Analistas prevén que el petróleo supere los $200 dólares el barril, lo que elevaría la inflación y afectaría el gasto de los hogares en EE.UU.
Los precios de los combustibles se están convirtiendo en una preocupación constante en los últimos días desde que comenzó la guerra en Medio Oriente. Las tensiones e incertidumbre que genera el bloqueo en el estrecho de Ormuz han llevado a los analistas a calcular que el petróleo supere niveles históricos si las interrupciones en el suministro persisten.
En los últimos días, el crudo Brent superó momentáneamente los $119 dólares por barril tras nuevos ataques a infraestructura energética. El nerviosismo no se hizo esperar en los mercados ante posibles cortes en el flujo de petróleo. Especialistas consideran que el precio podría seguir subiendo de forma acelerada si se agrava la situación. Este viernes,
El antecedente más cercano de un repunte extremo se encuentra en 2008, cuando el petróleo alcanzó alrededor de $145 dólares por barril. Ajustado a la inflación actual, ese nivel equivaldría a unos $215 dólares, según datos de FactSet.
A pesar de que los precios actuales se mantienen alejados del ajuste a la inflación, la firma TD Securities consideró en un informe que el precio del crudo podría incluso superar los $200 dólares por barril.
El precio promedio de la gasolina en Estados Unidos ha aumentado casi un dólar desde el inicio del conflicto, alcanzando los $3.91 dólares por galón este viernes, según la Asociación Estadounidense del Automóvil (AAA).
Este incremento reduce el poder adquisitivo de los hogares y obliga a recortar gastos. De hecho, un reciente análisis del Instituto de Investigación de Políticas Económicas de Stanford advierte que el gasto extra en gasolina podría alcanzar los $740 dólares por hogar durante el año. Esta cifra prácticamente elimina el esperado aumento en los reembolsos de impuestos que tanto prometía el gobierno de los Estados Unidos.
“El mayor perjudicado será el consumidor”, señaló Ryan Sweet, economista jefe global de Oxford Economics, a CBS News. “Para ponerlo en perspectiva, cada centavo de aumento en el precio de la gasolina reduce el gasto del consumidor en mil quinientos millones de dólares al año“.
En otras palabras, aunque el aumento parezca pequeño, cuando millones de personas pagan más por gasolina, el impacto acumulado es enorme y termina frenando el consumo en la economía en otros sectores.
Por si la reducción del consumo no fuera suficiente, el aumento del petróleo encarece el combustible y, por ende, los insumos que van dirigidos a otras industrias. Por ejemplo, el encarecimiento del combustible para aviones ha llevado a algunas aerolíneas a subir el precio de los boletos. Esto encarece los viajes y reduce la demanda en un contexto económico ya presionado.
El temor del contexto actual lleva a pensar que se elevaría la inflación. Los costos de transporte se incrementan, lo que se traduce en precios más altos para bienes y servicios. Un análisis de Pantheon Macroeconomics estima que, si el crudo alcanza los $150 dólares por barril durante tres meses, la inflación podría subir a un ritmo anual de 6%.

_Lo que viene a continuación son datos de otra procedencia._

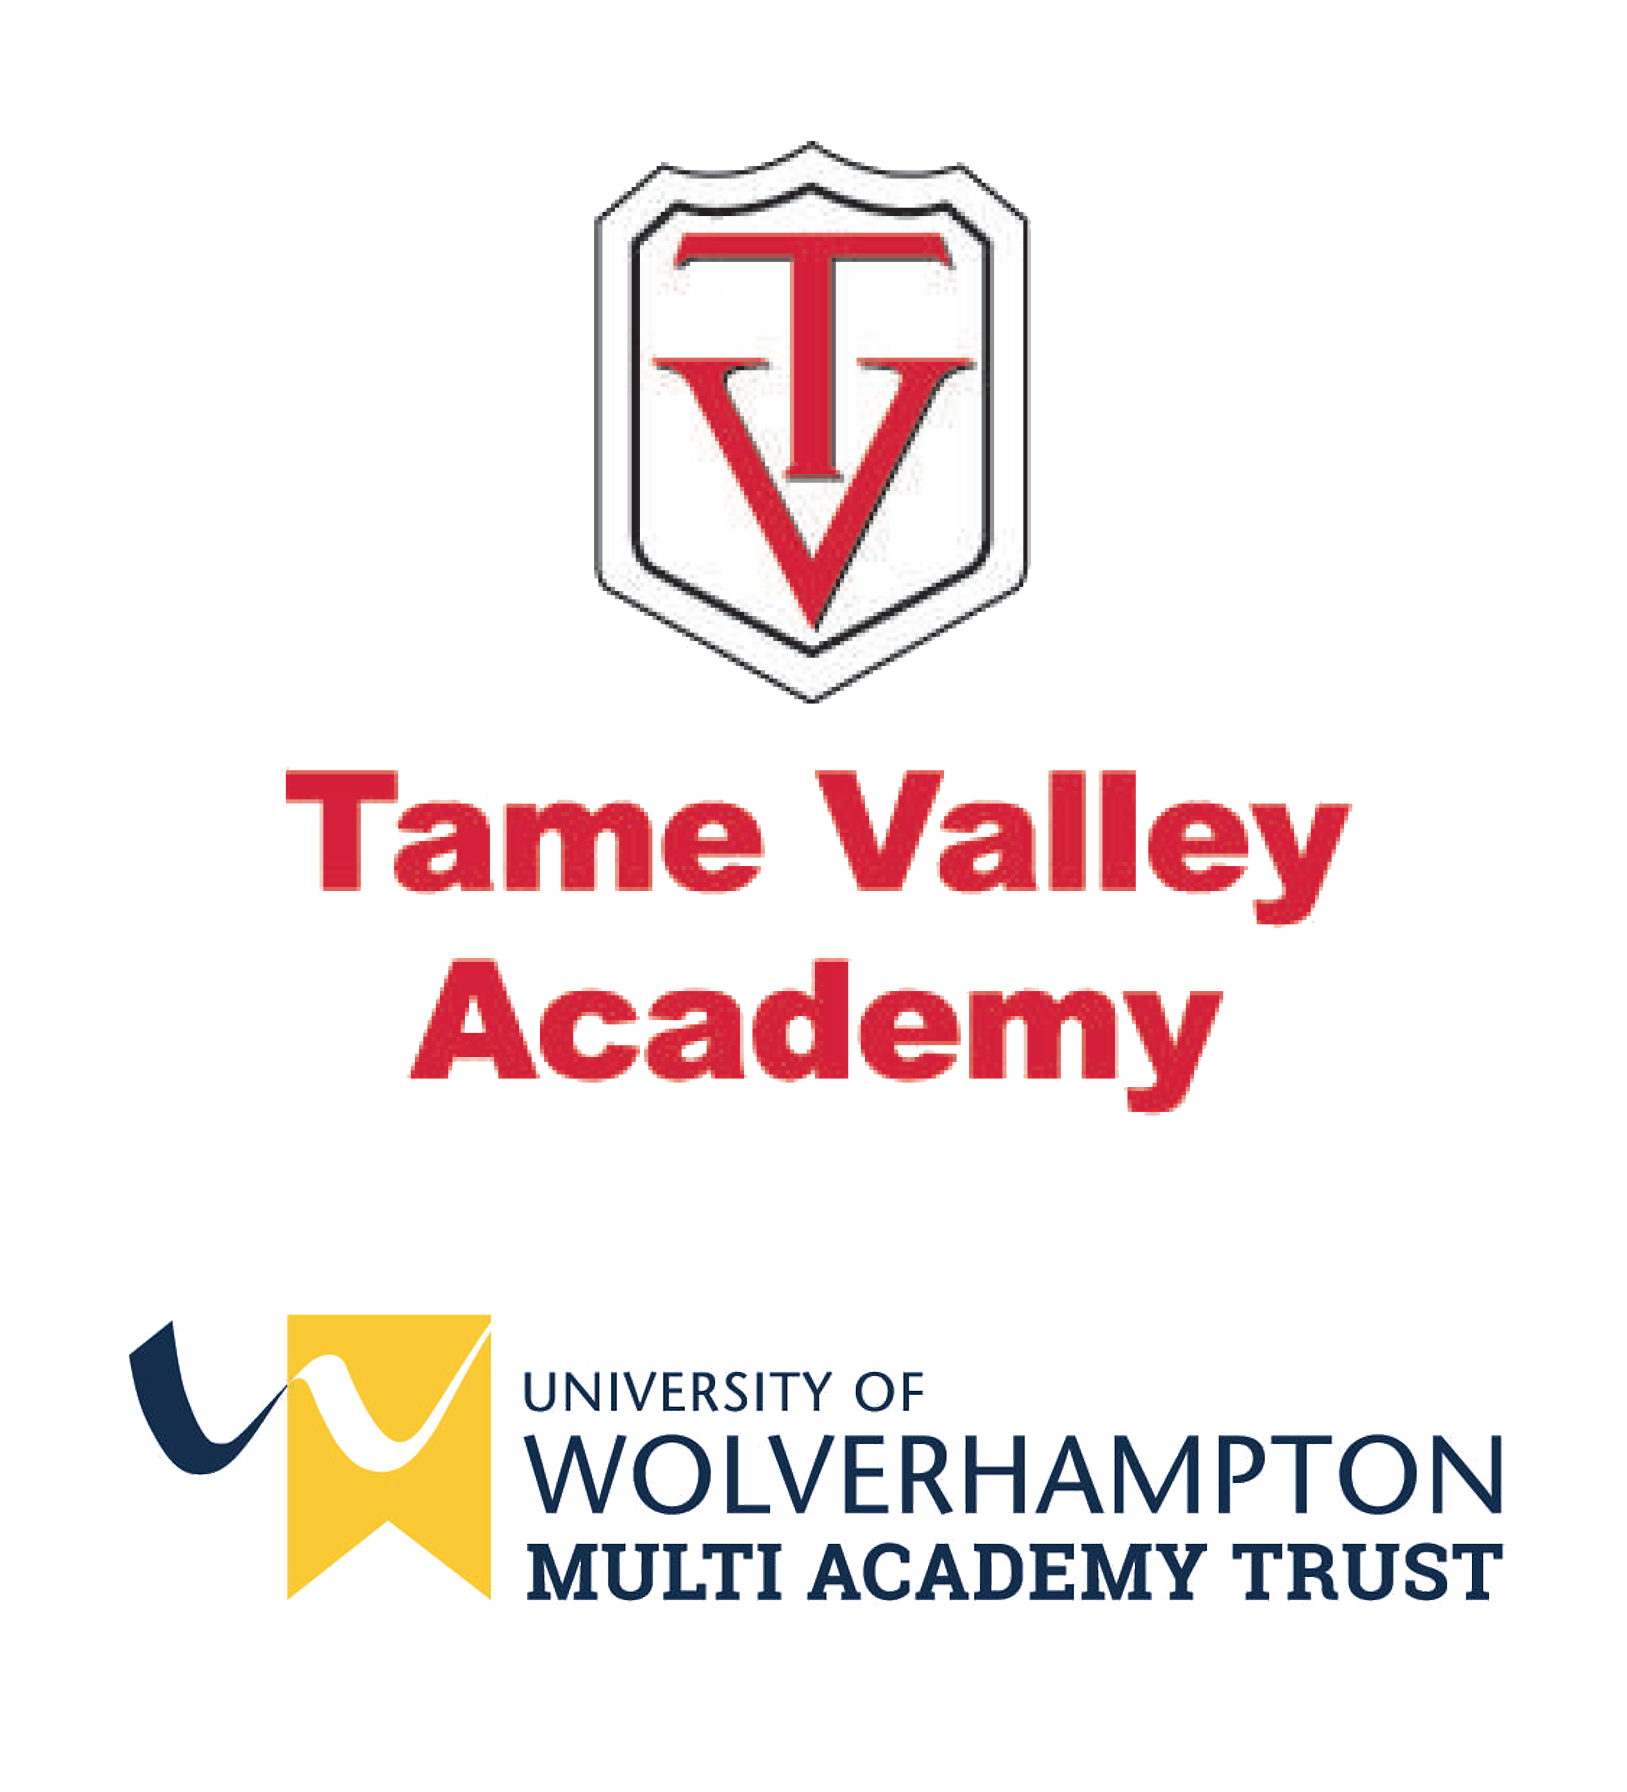 Tame Valley Academy

Otro factor de preocupación es el posible incremento de desempleo que se ocasionaría y agravaría la economía del país. De acuerdo con Oxford Economics, si el petróleo Brent alcanza los $140 dólares por barril y se mantiene durante dos meses, las empresas podrían enfrentar mayores costos y comenzar a recortar personal. Esto elevaría la tasa de desempleo y afectaría el consumo: sin trabajo, no hay dinero para gastar.
En resumen, el tiempo que dure la guerra con Irán determinará el futuro económico del país. Si el conflicto se prolonga, los efectos económicos podrían intensificarse.

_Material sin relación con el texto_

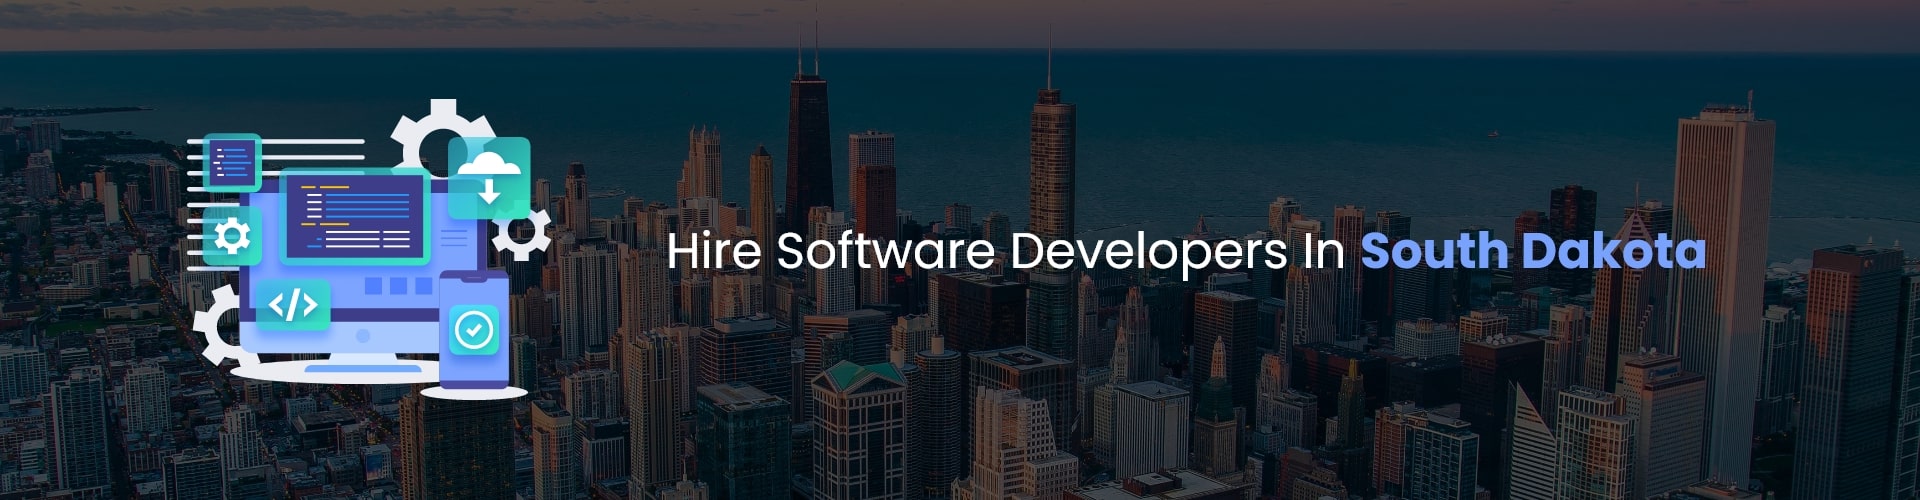 hire software developers in south dakota

“El consumidor estadounidense puede soportar un par de semanas de precios altos de energía, pero con cada mes que pasa, los costos económicos realmente comienzan a acumularse”, acotó Sweet.
A todo esto, al inicio de la jornada de este viernes, el crudo Brent bajó un 0.1% hasta los $108.50 dólares el barril. Por su parte, el crudo estadounidense, representado por el West Texas Intermediate (WTI), se mantuvo prácticamente sin cambios en $95.60 dólares.